So we seek the coefficient $a_{-1}$ of the Laurent series for $f(z) = \frac{z^2 + 1}{(z - i)^2}dz$, where Laurent series is denoted by
$$f(z) = \sum_{n = -\infty}^\infty a_n(z - z_0)^n$$
when the series is given about the point $z_0 = i$.

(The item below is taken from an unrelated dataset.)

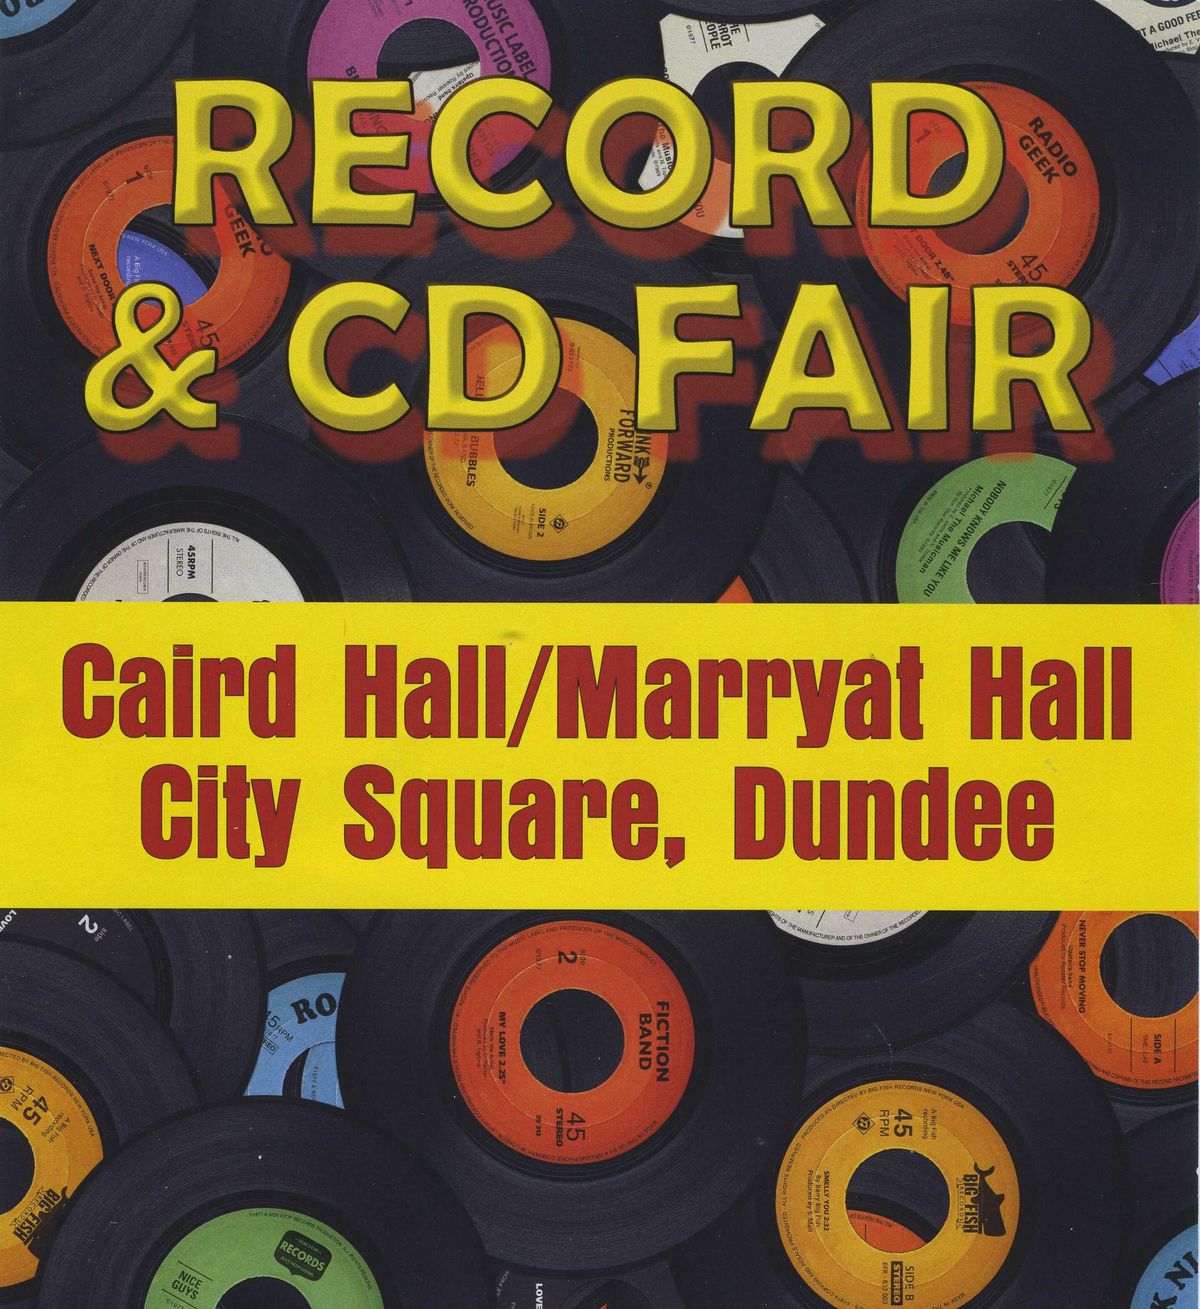 Dundee Record Fair

We know the coefficients of the Laurent series can be given by the integral
$$a_n = \frac{1}{2\pi i} \int_C \frac{f(z)}{(z - z_0)^{n+1}}dz =\frac{1}{2\pi i} \int_C \frac{z^2 + 1}{(z-i)^{n+3}}dz$$
where $C$ is a counterclockwise closed curve about $z_0 = i$. Here, the integrand doesn't have any other poles/singularities, so this curve need no other restrictions other than having nonzero radius.
Since we seek $a_{-1}$, we plug in $n = -1$:
$$a_{-1} = \frac{1}{2\pi i} \int_C \frac{z^2 + 1}{(z-i)^{2}}dz$$
Given the form of the integral matches the below,
$$\frac{1}{2\pi i} \int_C \frac{g(z)}{(z - z_0)^{m+1}}dz=\frac{1}{m!}g^{(m)}(z_0)$$
when $g(z)=z^2+1$, $z_0 = i$, and $m=1>0$, we can use this to calculate our integral, yielding
$$a_{-1} = \frac{1}{2\pi i} \int_C \frac{z^2 + 1}{(z-i)^{2}}dz= \frac{1}{1!}g'(i)=g'(i)$$
Since $g'(z)=2z$, then,
$$a_{-1} = 2i$$
I mostly just wanted to double-check this solution since I feel pretty weak when it comes to Laurent series.
Observe: $f(z) = \frac{z^2+1}{(z-i)^2} = \frac{(z+i)(z-i)}{(z-i)^2} = \frac{z+i}{z-i} = \frac{(z-i) +i +i}{z-i} = \frac{2i}{z-i} + 1.$ What is the coefficient for $a_{-1}$ given this observation?